The expansion of restorative justice may lead—one hopes that it will—to cultural change. The new system has a greater coverage of offences, victims and offenders. It will place the onus upon the referring agency to take the initial action it believes is appropriate and, upon conclusion of the case, to determine its response if the outcomes are incomplete.

By expanding coverage to cases involving serious offences and adult offenders, such cases will be able to be referred to restorative justice during or after prosecution. In suitable cases, a restorative justice conference may be held in addition to the trial and sentencing of an offender. The restorative justice process is one that I think can be used by the criminal justice system to provide a more complete response to an offence in a way that increases the opportunities to satisfy victims, offenders and the community at large.

I might just say, acknowledging comments that have been made during the debate in relation to the sentencing review that the government has been involved in for some time, two years or thereabouts, that it is relevant to note that that sentencing review did, through its processes, lead to the development of the issues paper which is now being incorporated into legislation through this bill. There has been some implied and some quite direct criticism of the process that the government pursued in relation to sentencing. I think that with some of that criticism and some of the concerns that have been expressed about the time there has been a misunderstanding of the scope and the nature of the process and the scale of the task.

We have seen from exposure drafts that have been tabled by the government over the last six weeks the extent of the work involved in the review and the consolidation of the territory’s legislation in relation to sentencing. I might just say, without being unnecessarily defensive on behalf of officers, on behalf of the department of justice or, indeed, on my own behalf, that I think that the criticism is unwarranted and I certainly think that it is unfair. My comment on the unfairness is not so much in the context of unfairness to me, as I expect those sorts of responses. They are part and parcel, unfortunately, of the way we do business. But I really do think that it is unfair to the officers of the department of justice who have worked on the process for two years and have consulted broadly.
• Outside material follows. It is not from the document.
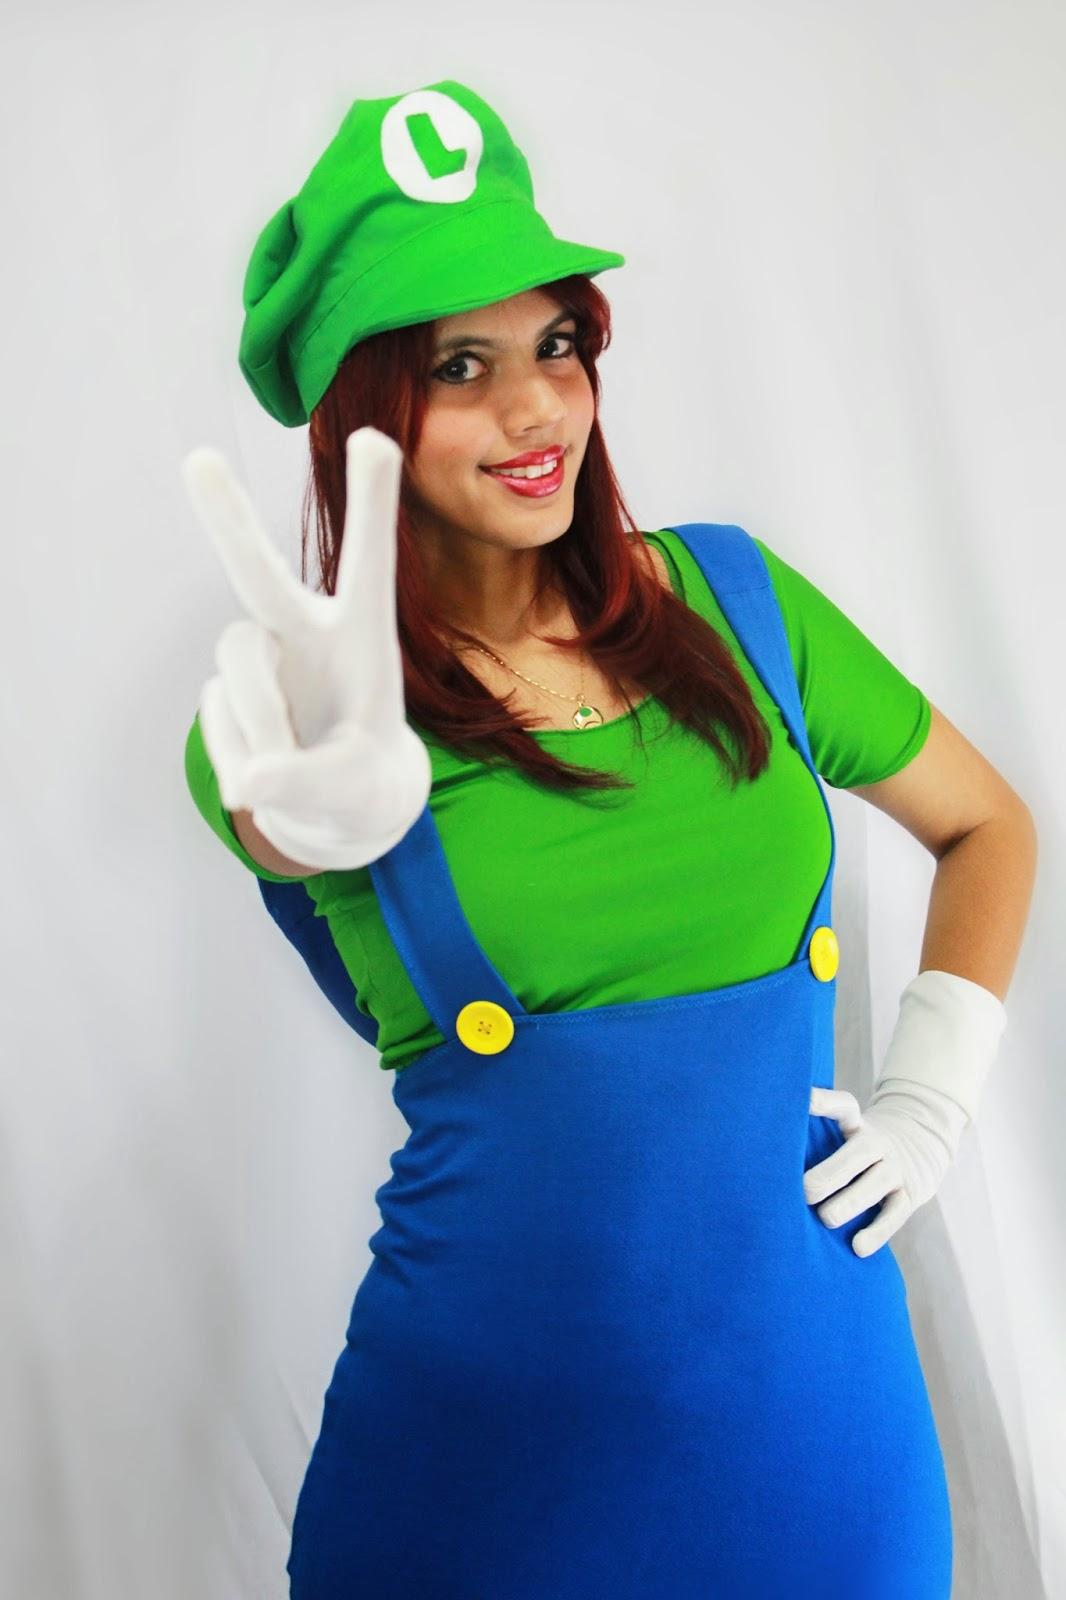 SetCosplay   TUTORIAL  Boina (Cap) do Luigi Mario + Roupa Cosplay c80021ecfa3

I do not think that there is a single stakeholder within the ACT community who not only has not been invited to be part and parcel of the process but also has chosen not to participate. We have brought together in a single piece of legislation all the law in the ACT relating to sentencing. I have indicated before that, essentially, that involved concertinaing and rationalising into a single piece of legislation 12 separate acts of the ACT. It was a major undertaking and we see that in the work that has been produced. The new sentencing package is close to 450 pages. I think that it is the single largest piece of legislation introduced into this Assembly in this term.